INFORMATION PROVIDED:
------------------------------------------------------------------------
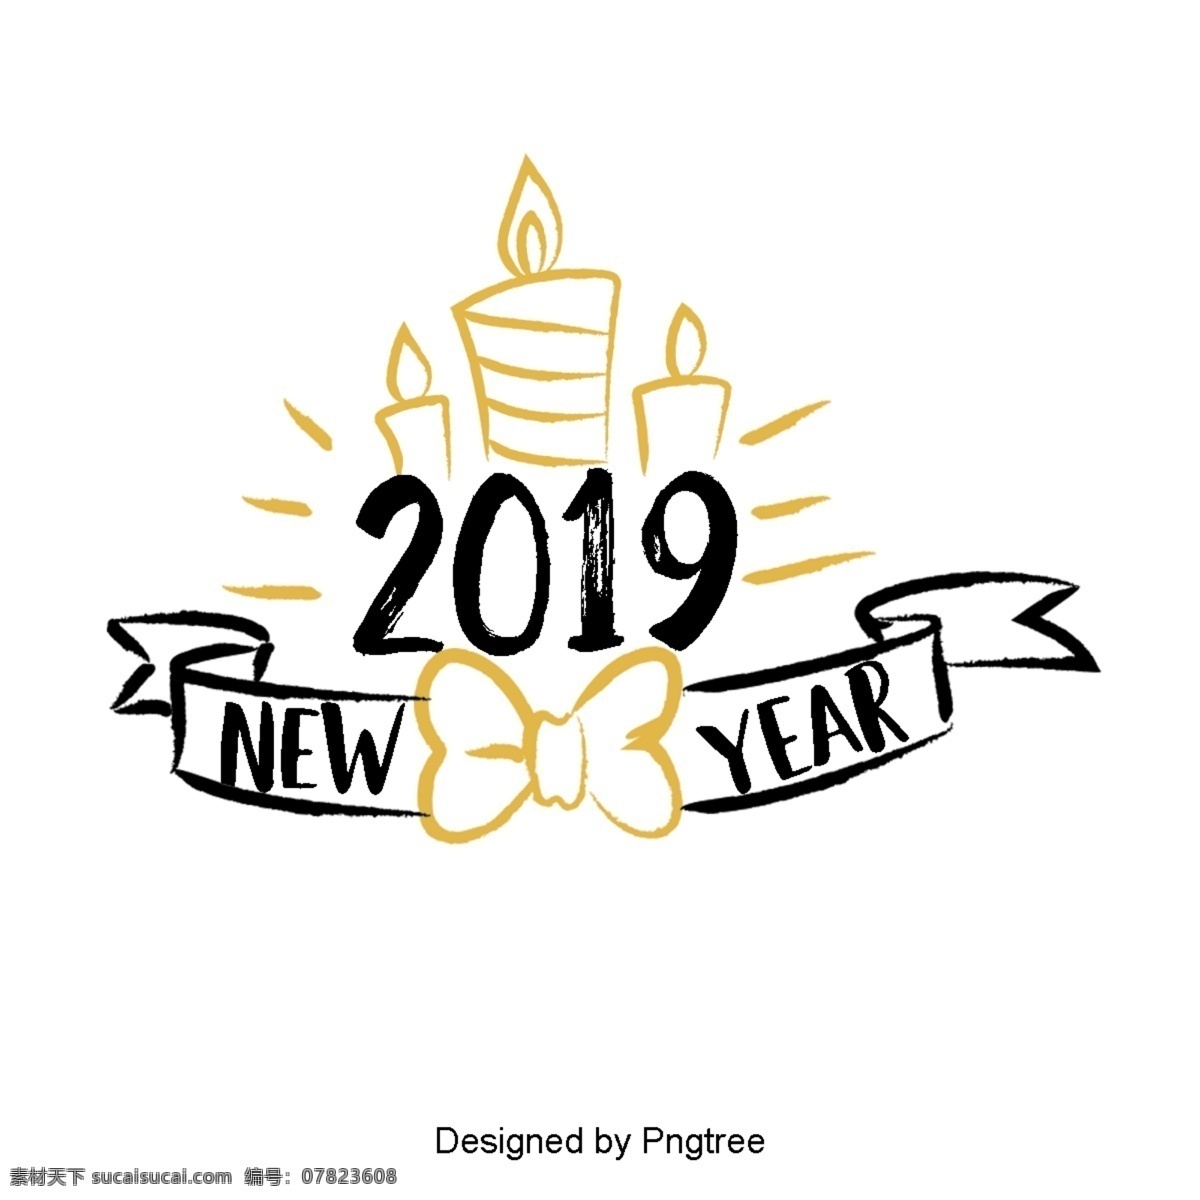 新 年 英国 字体 装饰 金色 黑色 新年 2019 二千一十九 圣诞 彩带 礼品 英语 庆祝春节
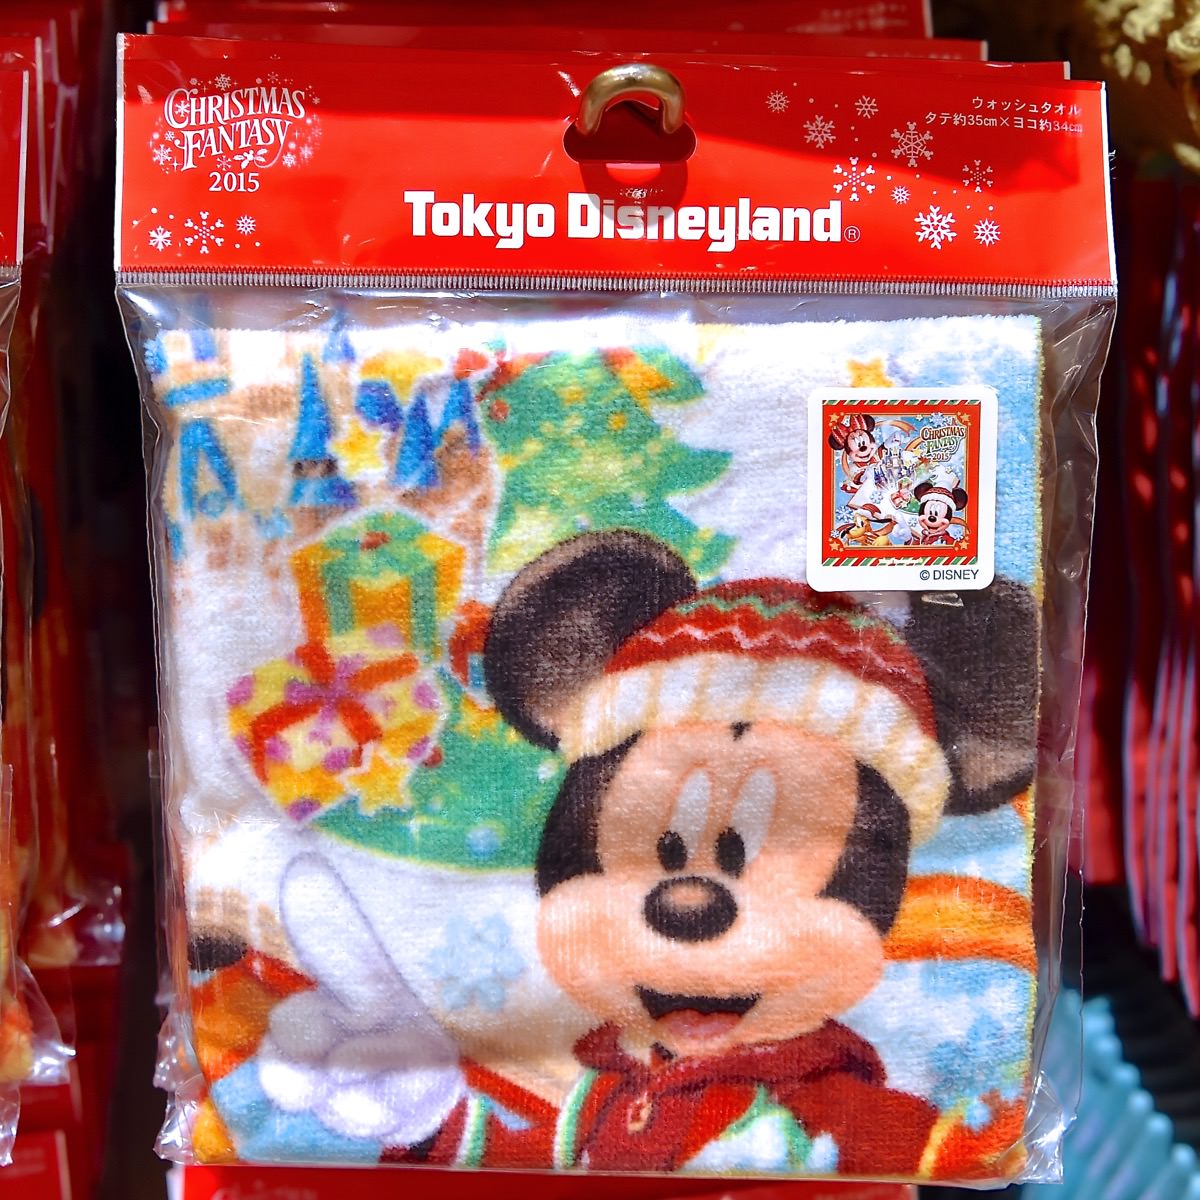 ディズニー クリスマス ストーリーズデザイン 東京ディズニーランド クリスマスファンタジー15 スペシャルグッズ
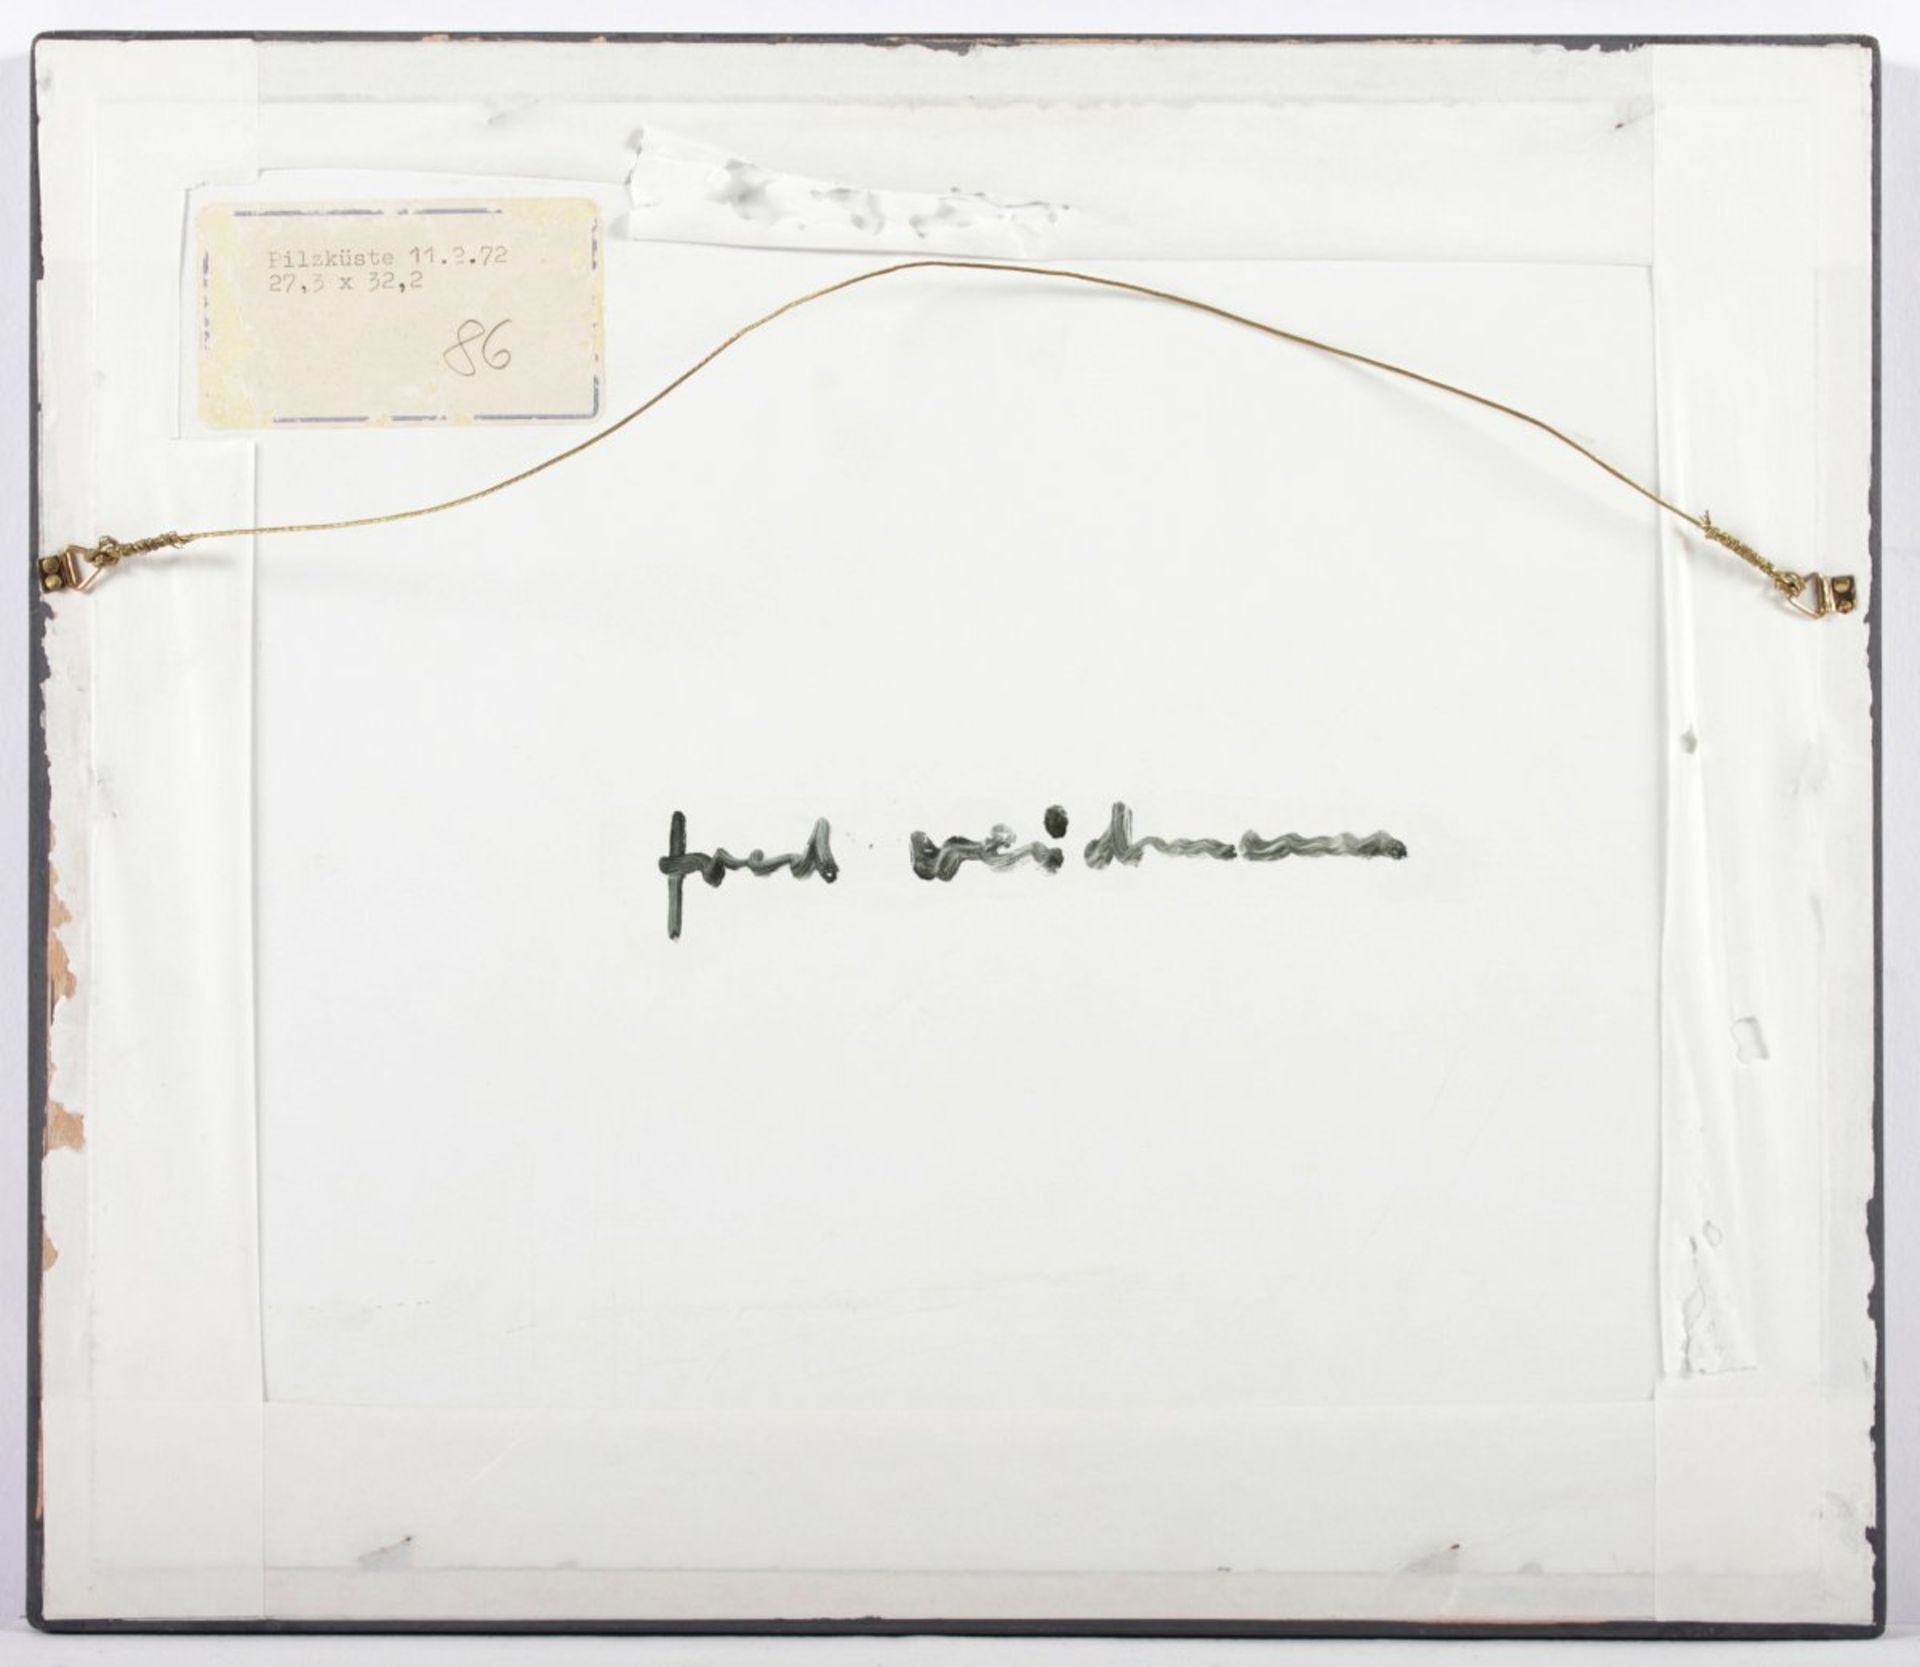 WEIDMANN, Fred, "Pilzküste", 27 x 32, unten rechts monogrammiert, verso signiert, 1972, R. - Image 3 of 3
------------------------------------------------------------------------
Write the lines above out again exactly, without any of their pictures.

 新 年 英国 字体 装饰 金色 黑色 新年 2019 二千一十九 圣诞 彩带 礼品 英语 庆祝春节
 ディズニー クリスマス ストーリーズデザイン 東京ディズニーランド クリスマスファンタジー15 スペシャルグッズ
 WEIDMANN, Fred, "Pilzküste", 27 x 32, unten rechts monogrammiert, verso signiert, 1972, R. - Image 3 of 3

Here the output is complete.